# Change from 120v starter to 12v starter



## Abraxo

I have a 2007 ST1332S, with a 16.5hp Briggs and Stratton engine.

Engine number is 21M414-0119-E1, date code 070907YD

It currently has a 120v volt starter on it, and it works just fine. I discovered this past week that with 23 inches on snow on the ground, it works right through, no real problems. However, I did discover that if it stalls 200ft down the driveway, my old self has some issues getting it to pull start. I would like to convert it somehow to a 12 volt starter, and mount a small battery on it. The charging would be done externally, as needed, with a trickle charger.

I've looked around and cannot find a solid answer as to which starter I would need. Most 12v starter listings do not list on for a 210000 series engine.
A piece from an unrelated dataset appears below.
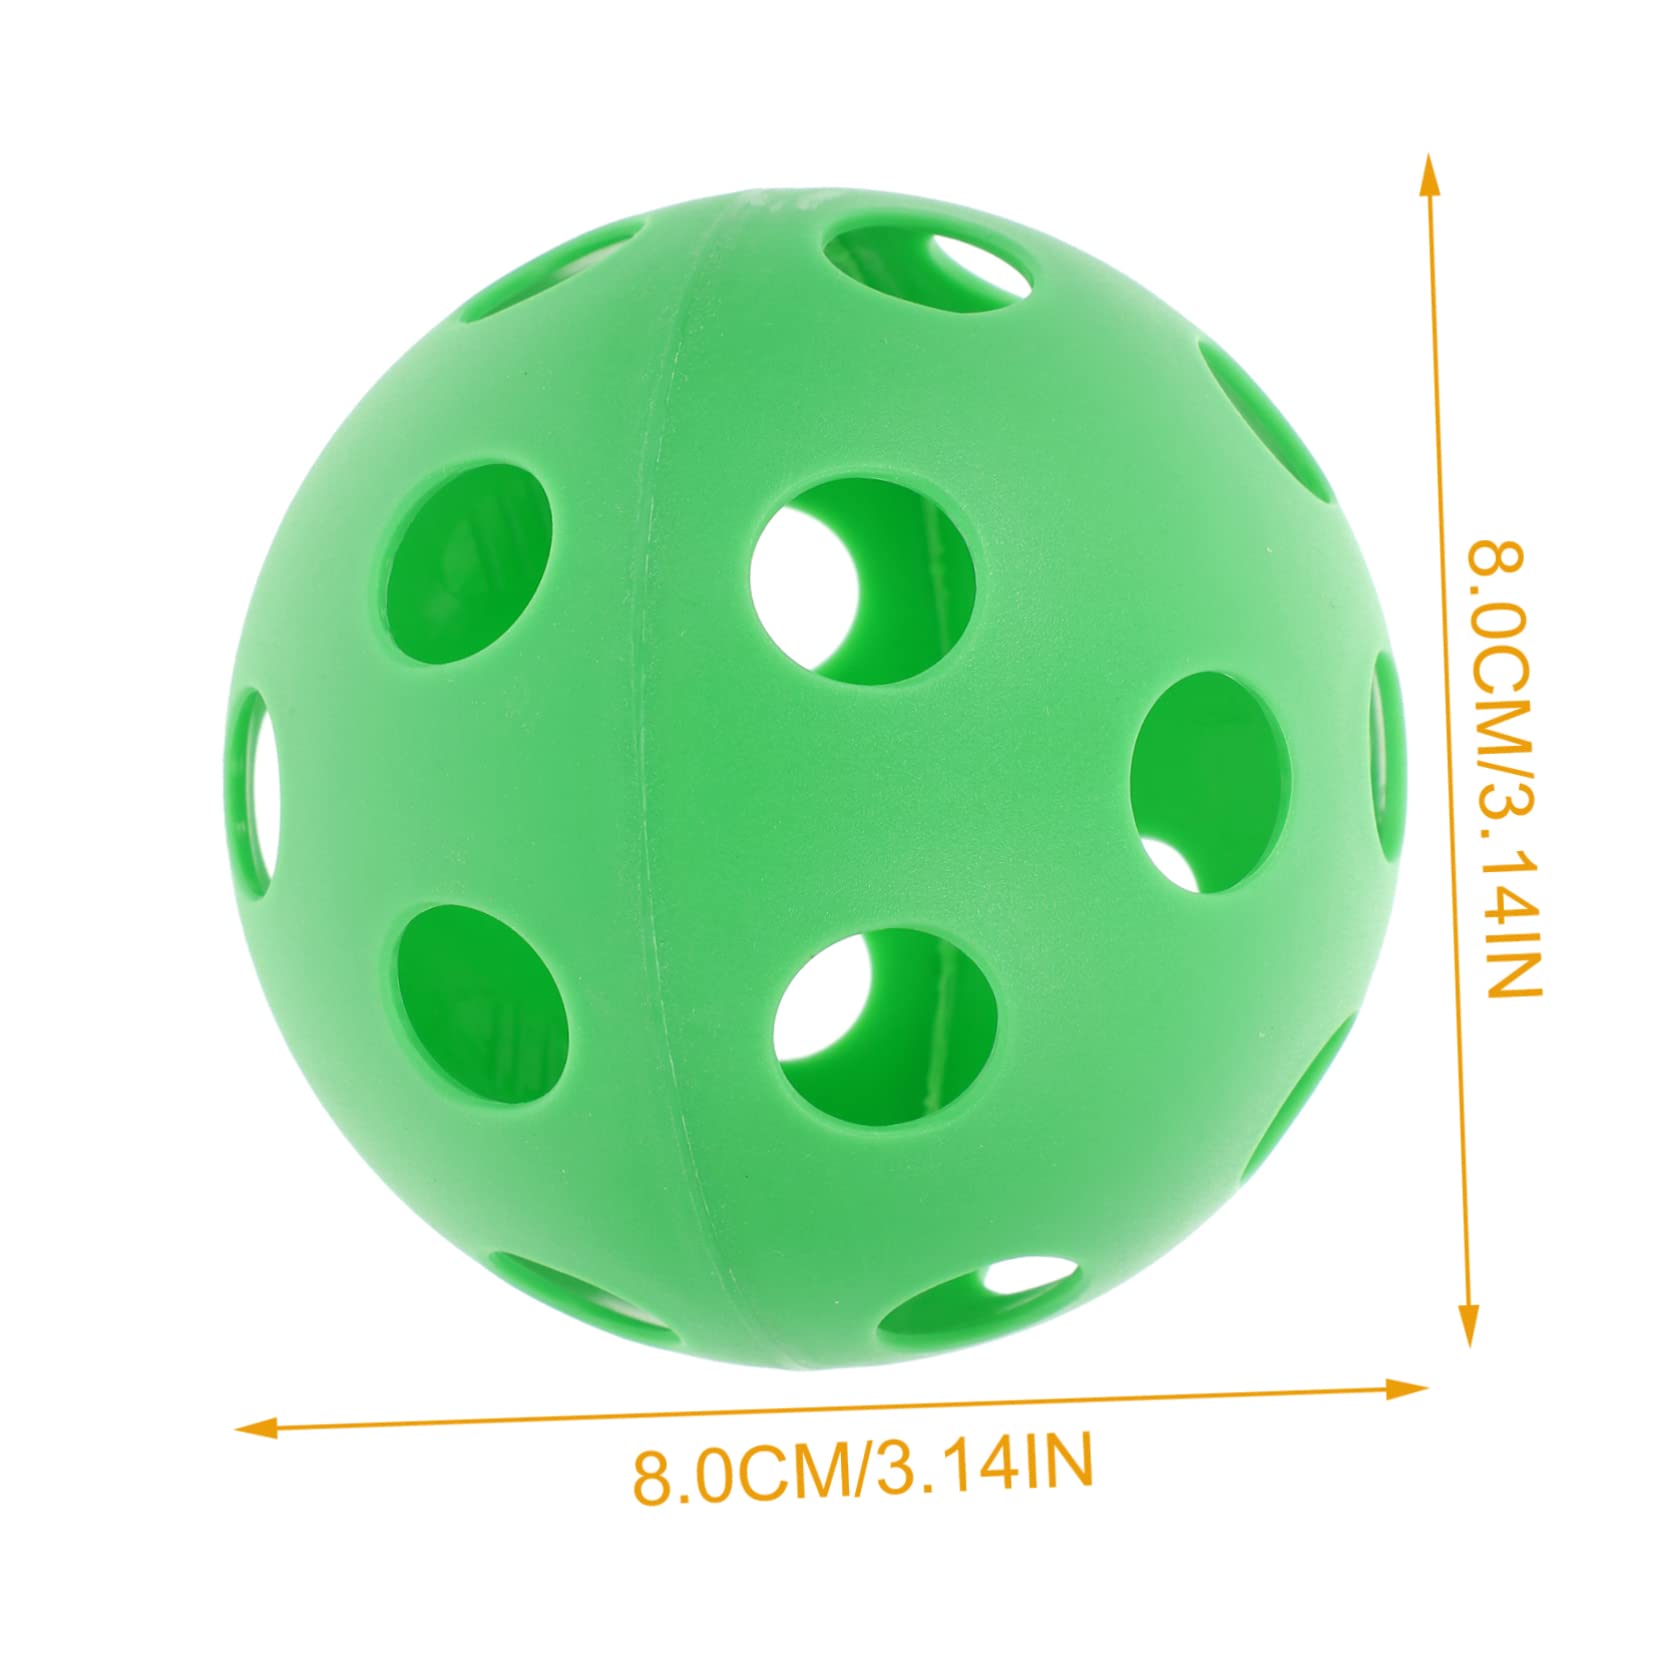 ERINGOGO 1 String Children's Hand Ball Puppies Toys for -Resistant Children Toy Puppy Toys for Kids Cat Ball Toy Outside Toys Puppy Dog Toys Plastic Household Baby Practice Ball

I thought perhaps somehow here may know of a 12 volt starter that works for this engine.

Thanks.


----------



## Blackfin

Sorry, this may be no help but:

Perhaps a B&S 391423 could fit. For example:

Robot Check

From what I can see it fits B&S 16HP horizontal engines. Not sure if it's hardened against environmental conditions though...

If it mechanically fits I'd recommend wiring a small 12V starter relay/contactor between the battery and the starter and trigger that relay/contactor with a small pushbutton.


----------



## nwcove

How bout wiring a cheap inverter of the right wattage up to an onboard battery and just keep it plugged into the 120v estart?


----------



## bad69cat

I don't think a cheapy inverter could develop/sustain enough Current to drive that starter? But you could buy a good size inverter for your car and then pull it down close to your machine while the car is running and you could go that route...... (assuming you can get close enough) 

I see they show a few versions of starters based on date codes - but they don't list a part number for 309B - which looks like a DC starter to me..? Briggs and Stratton 21M414-0119-E1 Parts Diagrams for Alternator, Electric Starter, Fuel Supply, Ignition

SO - it looks like it may have had a DC option available - if ti's the sma ebolt patern as yours....? I would do a stare and compare agains one if you happen to find part numbers that are valid. Sounds doable anyway.


----------



## NJemerald

I too just started looking into this after that recent storm. 
I found that Ariens makes a 12v starting system... BUT only offers it on their Hydro 32 & 36 Models... NOT the 28 & 30 Hydros WHICH have the same exact engine and not on any other type of snow blower they have!?!?? It is also not offered as a kit !?!? 
Unfortunately the 32 is too big for me to transport... So I'm left with buying the individual parts and installing them onto the Hydro 28


----------